Data shown below:
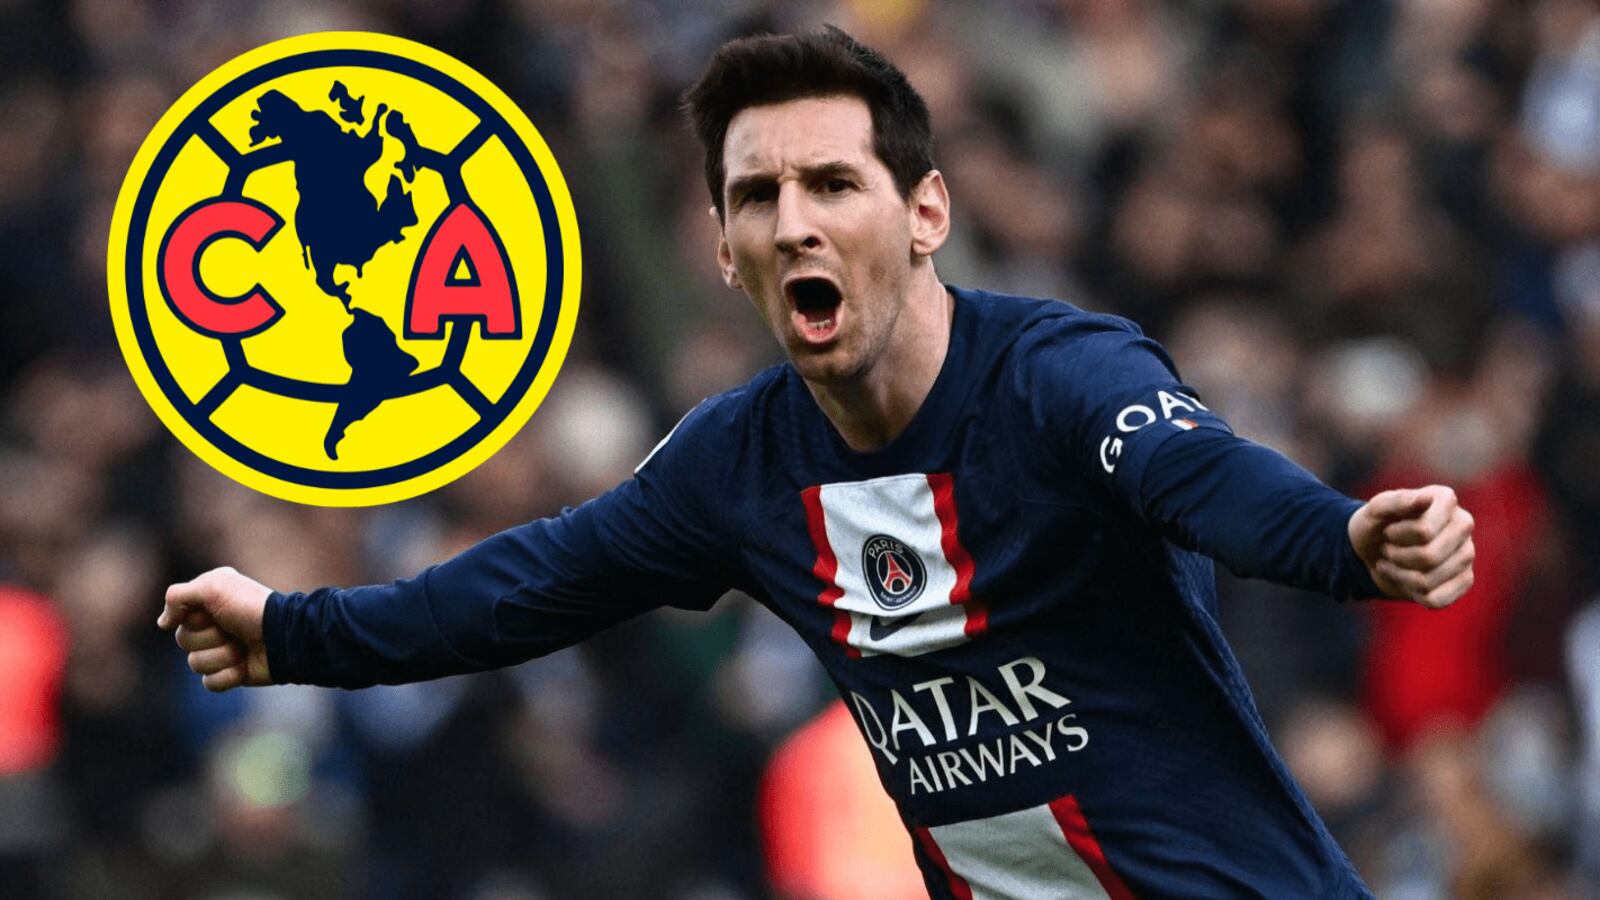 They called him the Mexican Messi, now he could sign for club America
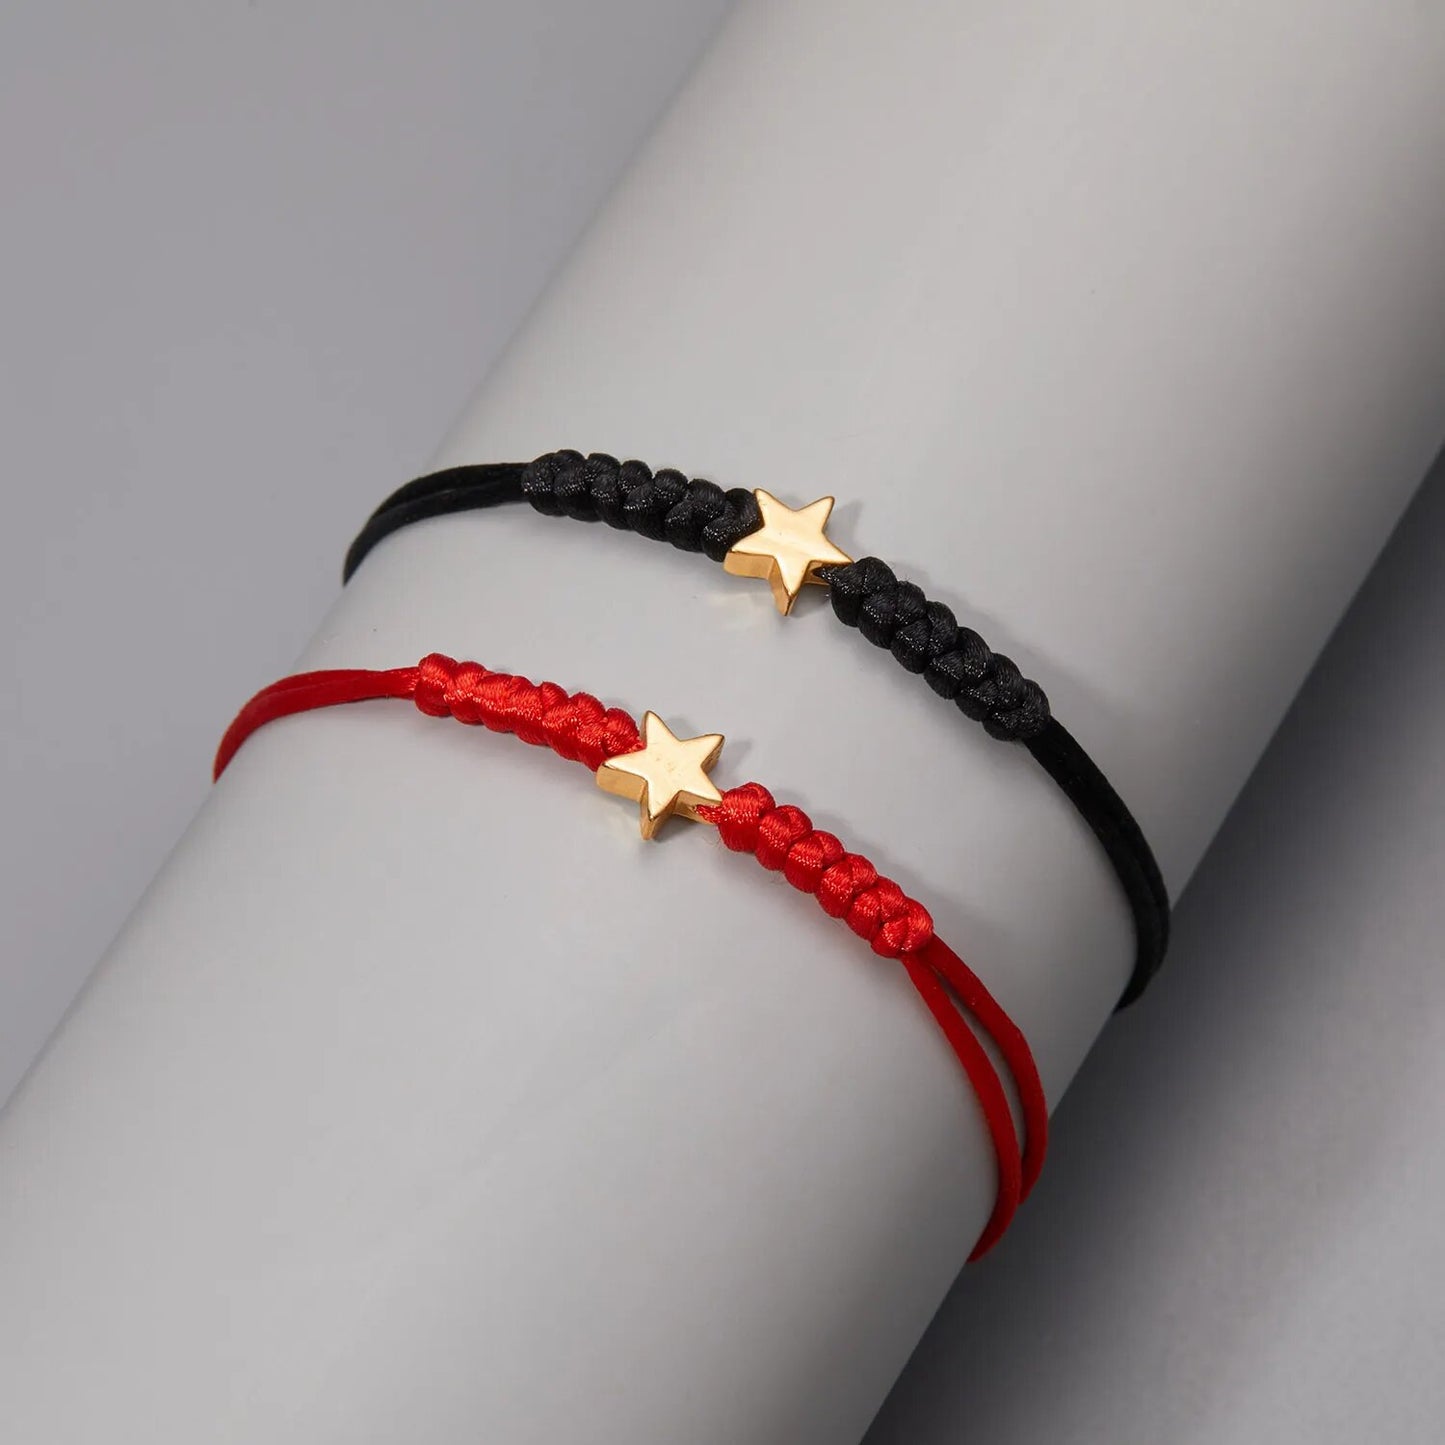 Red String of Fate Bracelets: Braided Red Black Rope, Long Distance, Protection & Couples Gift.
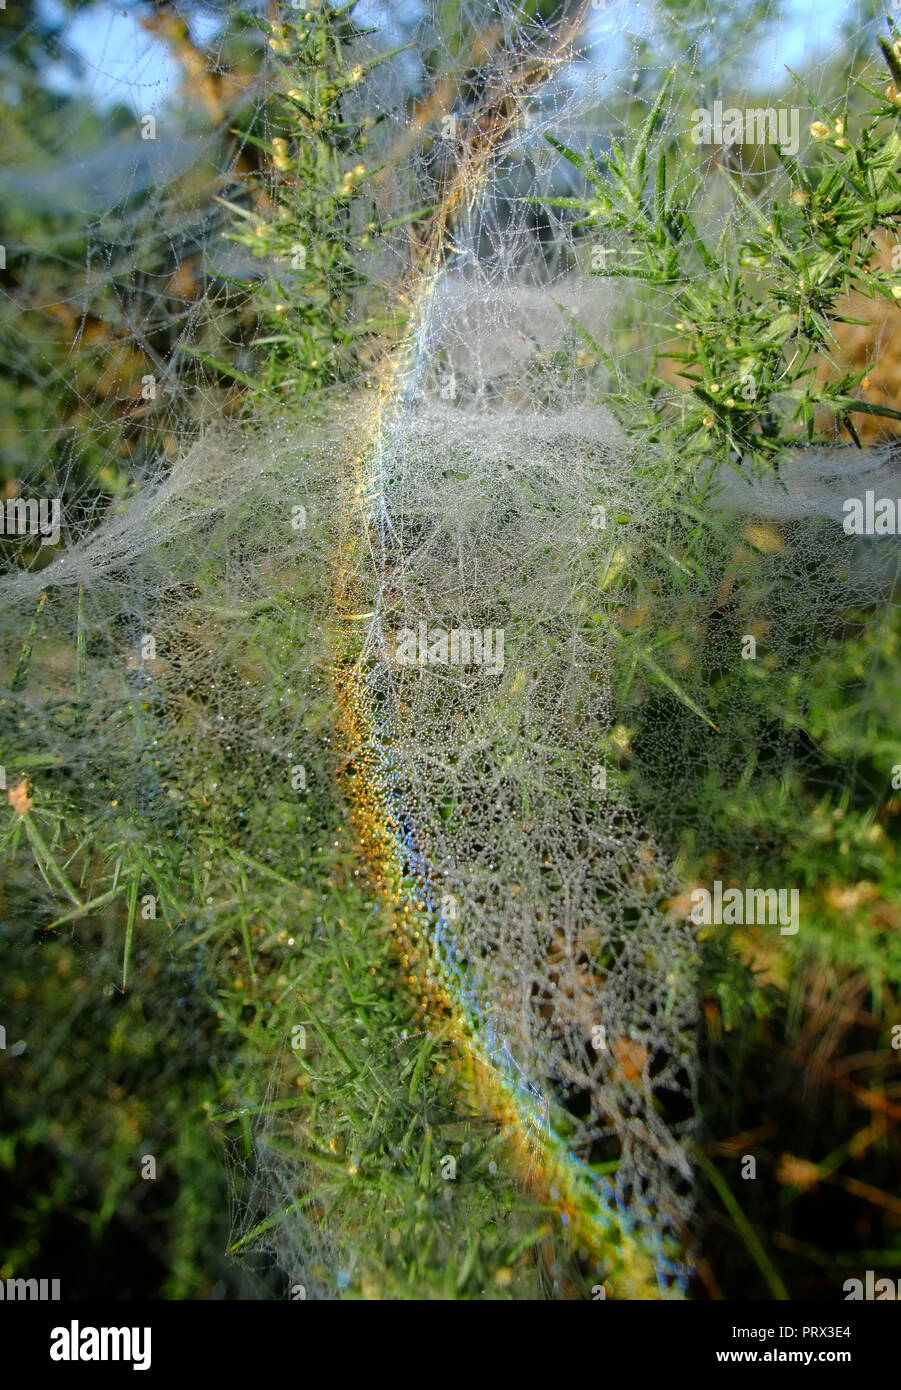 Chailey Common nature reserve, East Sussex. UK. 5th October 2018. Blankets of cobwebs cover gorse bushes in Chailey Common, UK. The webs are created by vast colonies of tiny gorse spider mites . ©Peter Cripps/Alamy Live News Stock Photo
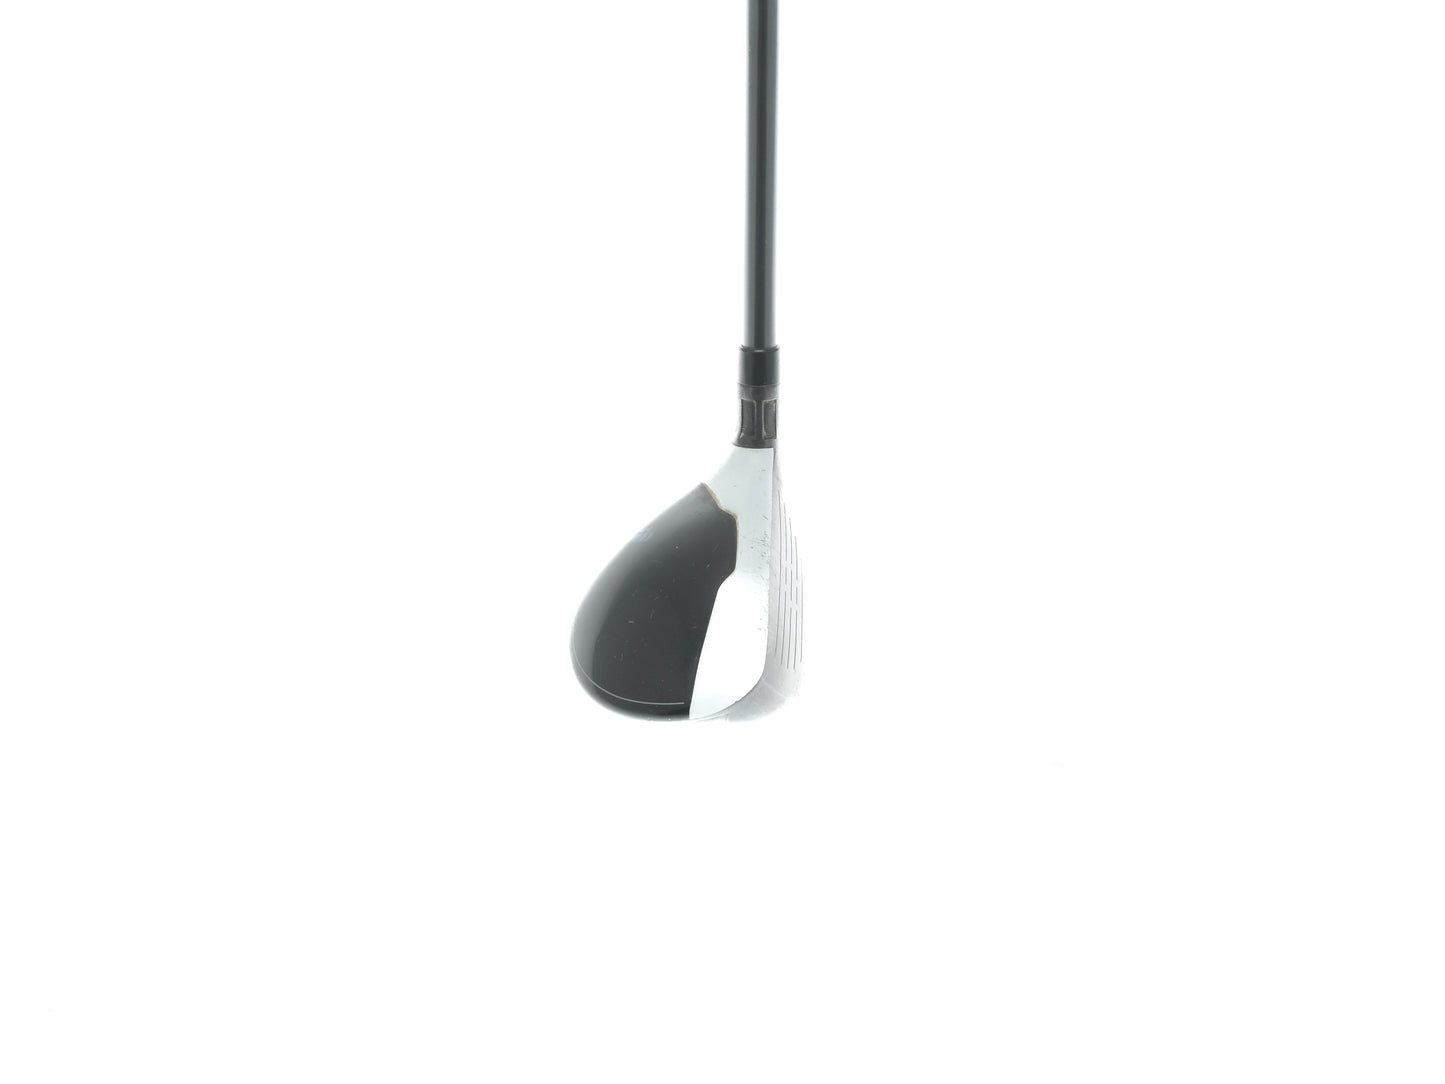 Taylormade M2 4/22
End of Data shown.
(Exercise aim) Everything from the line holding "Red String of" through the last line of the listing should be written out exactly, except for the pictures.

(Answer for this exercise)
 Red String of Fate Bracelets: Braided Red Black Rope, Long Distance, Protection & Couples Gift.
 Chailey Common nature reserve, East Sussex. UK. 5th October 2018. Blankets of cobwebs cover gorse bushes in Chailey Common, UK. The webs are created by vast colonies of tiny gorse spider mites . ©Peter Cripps/Alamy Live News Stock Photo
 Taylormade M2 4/22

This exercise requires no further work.